Required action
Everything in the data must be repeated exactly, apart from the pictures, which are left out.

BEGIN The data

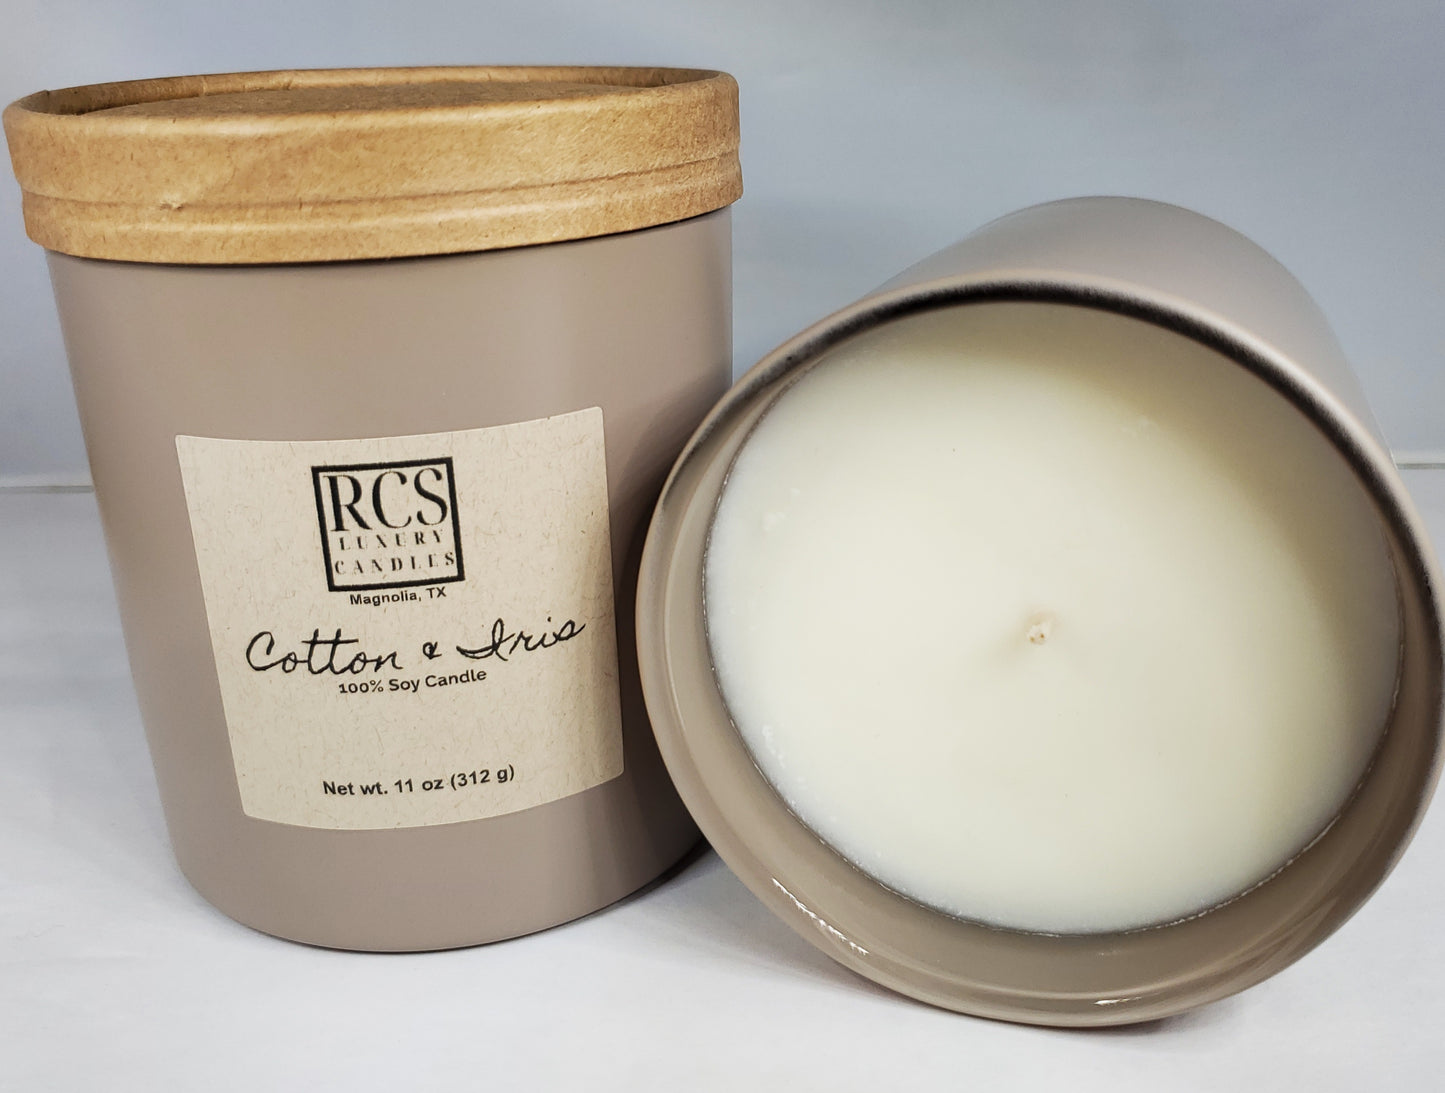 Cotton & Iris Soy Candle
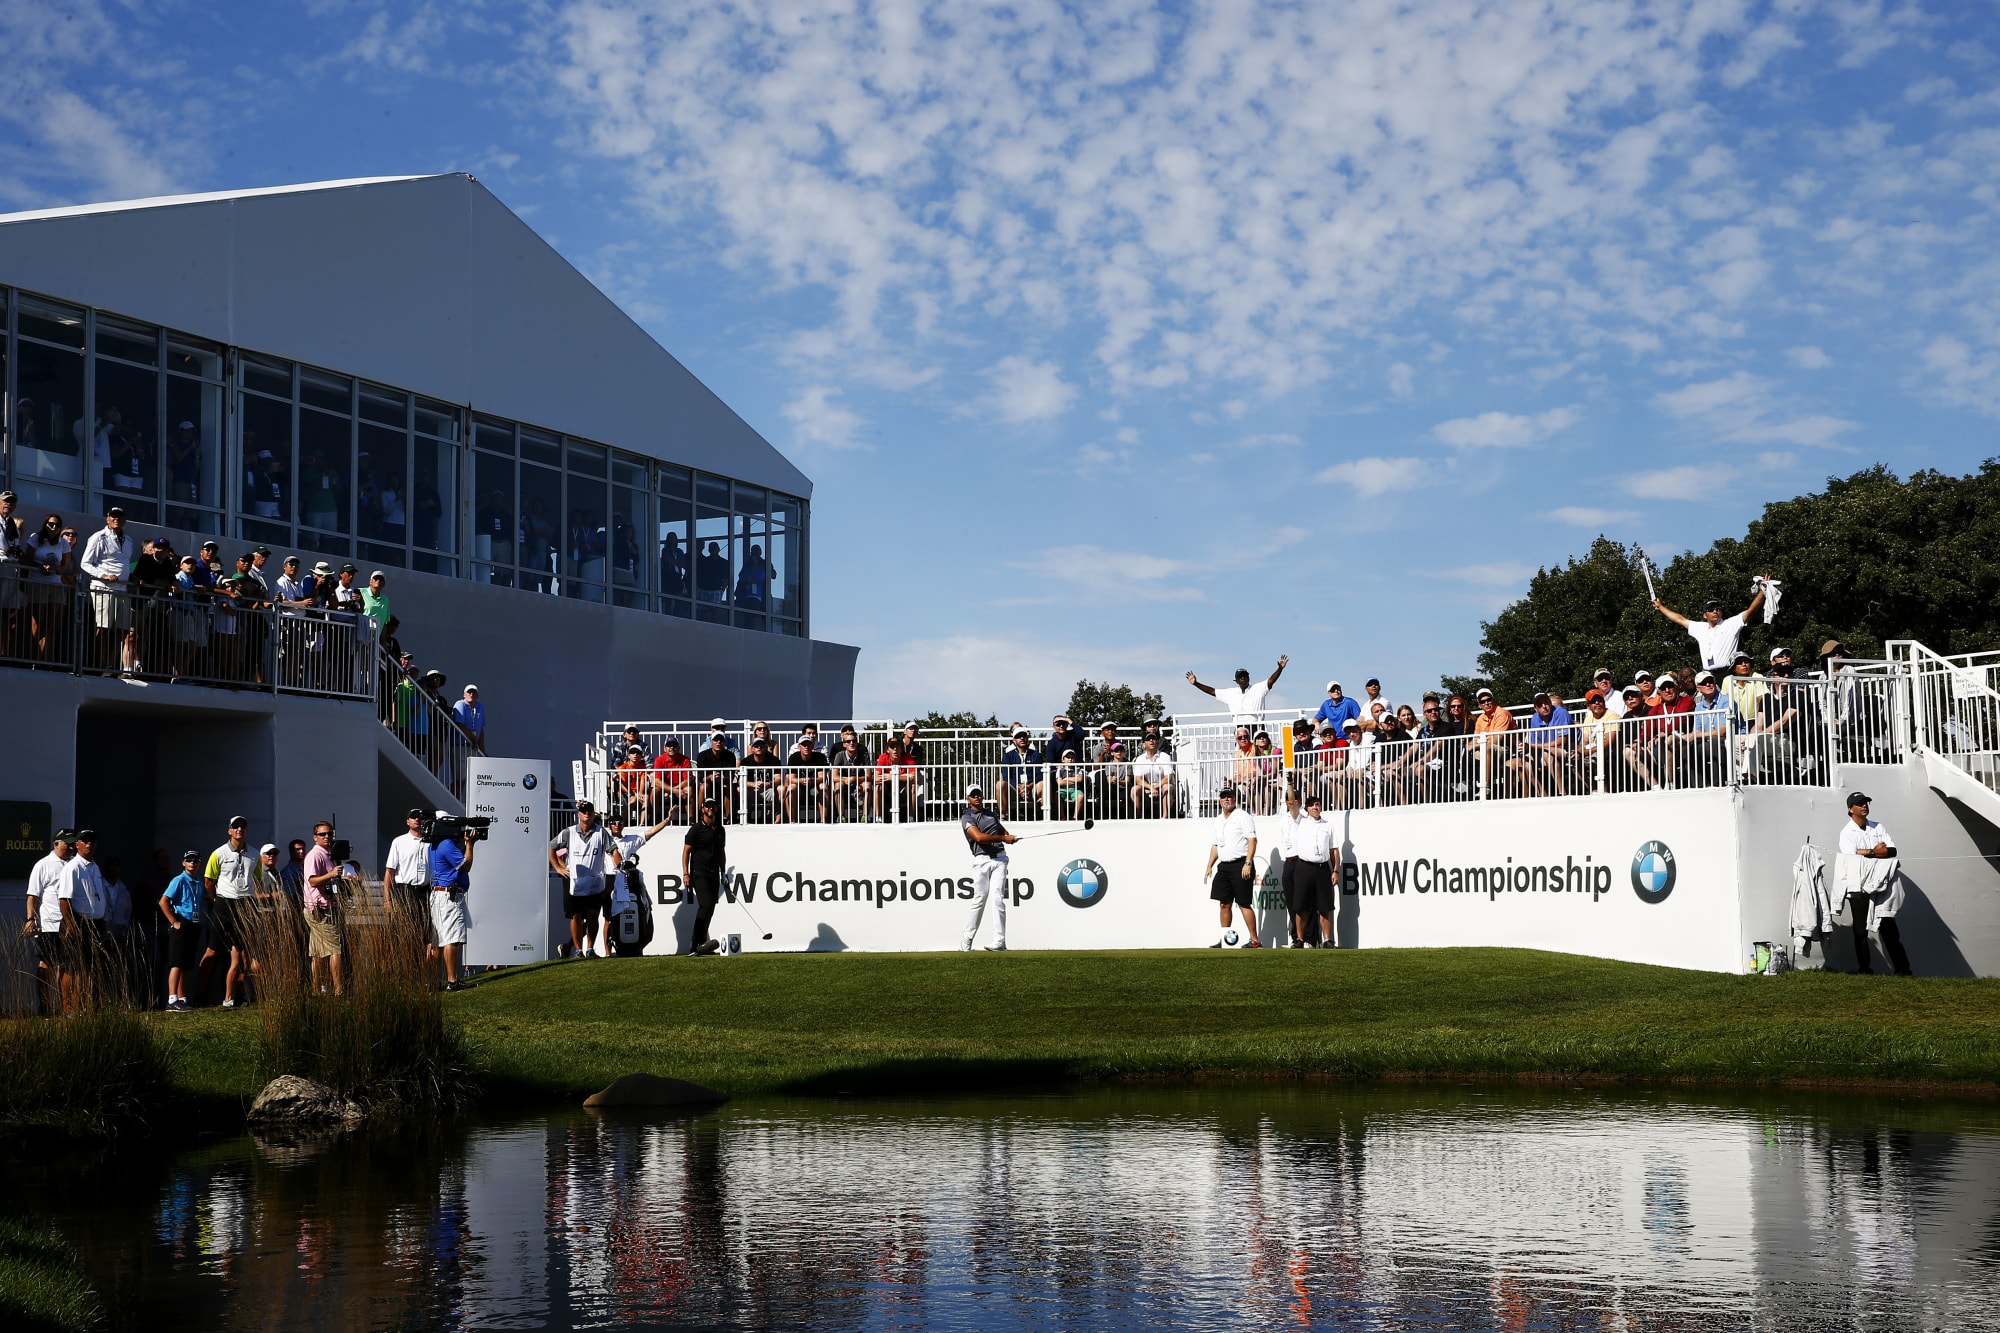 BMW Championship Power Rankings Top ten at Conway Farms
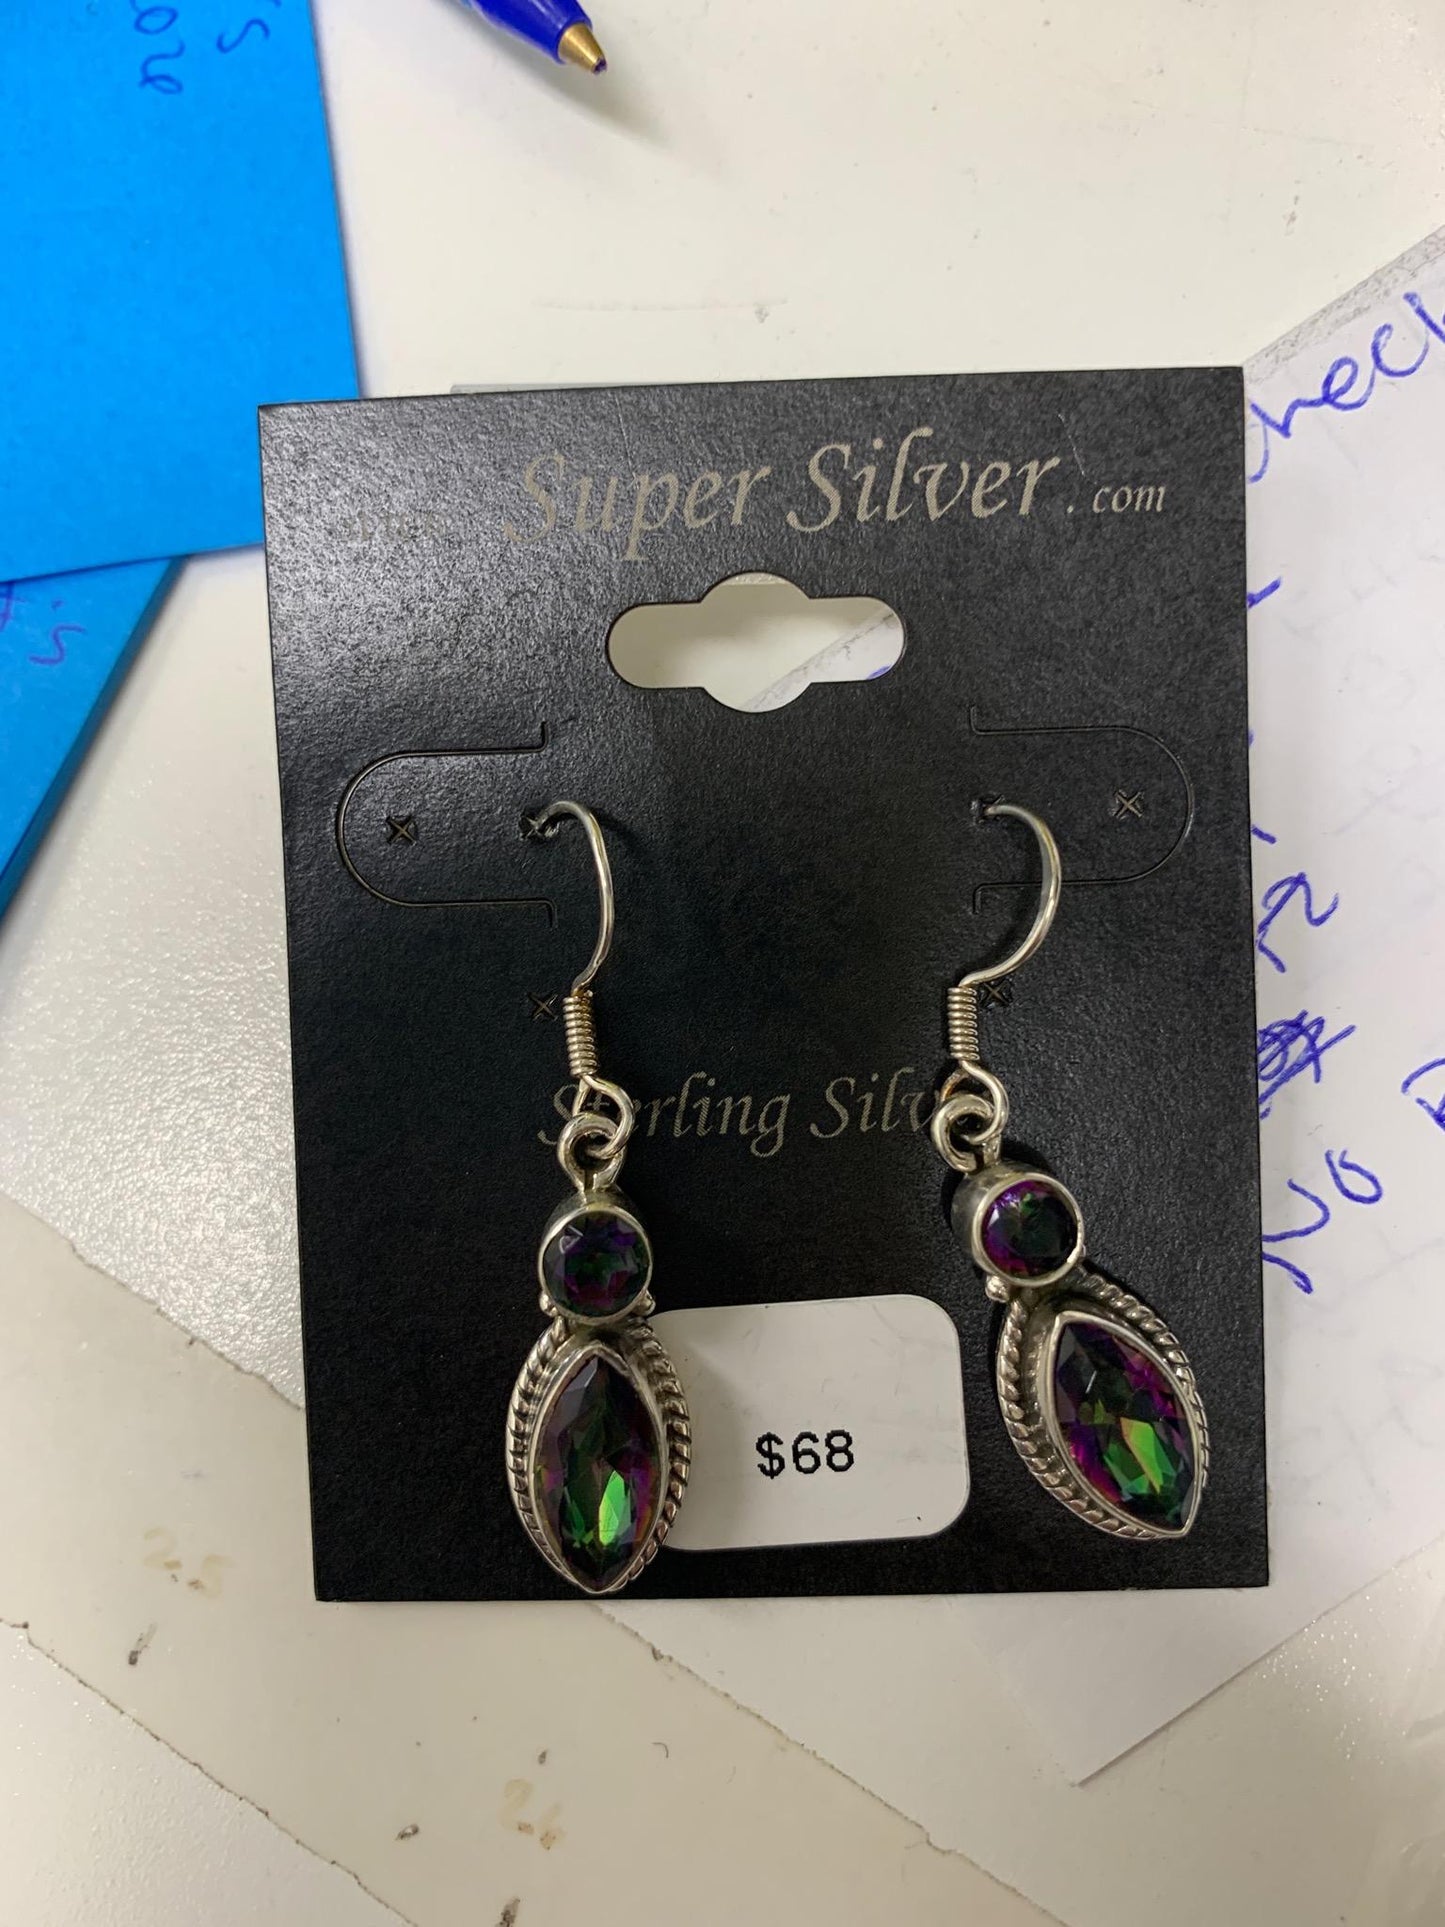 A pair of Super Silver Mystic topaz earrings for Special order with green and purple stones.

END The data

Written answer
 Cotton & Iris Soy Candle
 BMW Championship Power Rankings Top ten at Conway Farms
 A pair of Super Silver Mystic topaz earrings for Special order with green and purple stones.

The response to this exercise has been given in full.